Elle se trompait joliment ; les fourmis s’acharnaient contre moi avant que le repas fût à moitié fini.
Alors la sœur de la veuve, miss Watson — une vieille fille qui n’était pas méchante au fond — se mettait de la partie. « Huck, ne pose pas les coudes sur la nappe ; Huck, tiens-toi droit ». Puis elle me faisait rire en imitant mes bâillements, et les fourmis décampaient pour le moment. Miss Watson avait été maîtresse d’école. C’est sans doute pour cela qu’elle me reprenait à tout propos. Avec elle pourtant, pas moyen de se fâcher.
Ma mère m’avait un peu appris à lire et à écrire ; mais, comme mon père refusa plus tard de me laisser aller à l’école, c’était presque à recommencer ; grâce à miss Watson, je me rattrapai vite. Les leçons s’allongeaient et ne m’ennuyaient plus autant.
— Est-ce que j’arriverai jamais à écrire aussi bien que Tom ? lui demandai-je un jour.

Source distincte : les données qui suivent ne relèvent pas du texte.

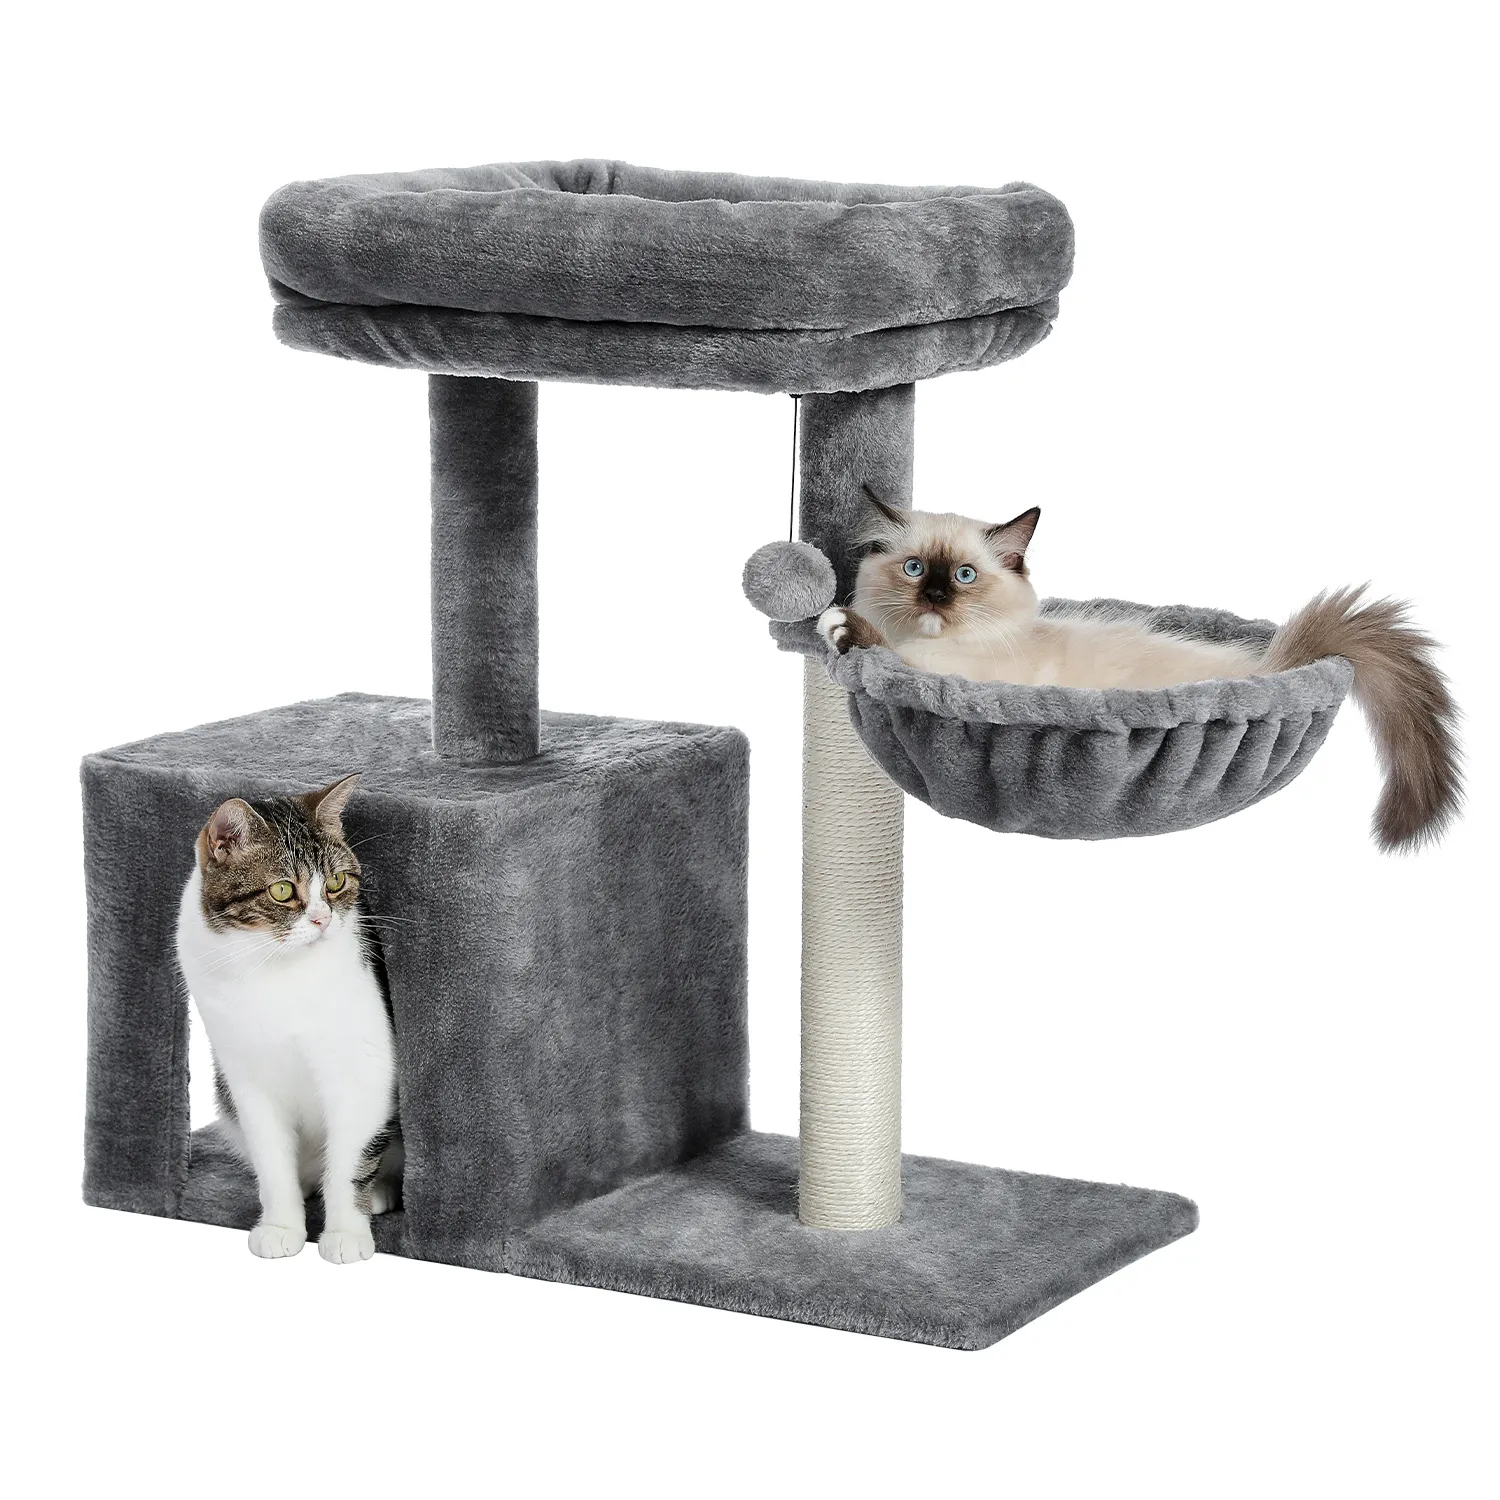 H70CM/80CM Small Cat Tree Condo with Natural Sisal-Covered Scratching Post for Kitten Cat Indoor Large Top Perch Cozy Hummock

— D’ici à un mois tu écriras beaucoup mieux et tu feras moins de fautes d’orthographe que lui, si tu veux te donner un peu de peine. Je n’ai jamais eu un meilleur élève que toi, Huck.
Pour le coup je me sentis fier et je pensai moins au tonneau, que je regrettais cependant parfois. Un beau matin, Tom fut très étonné quand Jim, le nègre de miss Watson, lui remit une lettre où je l’engageais à venir dîner chez la veuve.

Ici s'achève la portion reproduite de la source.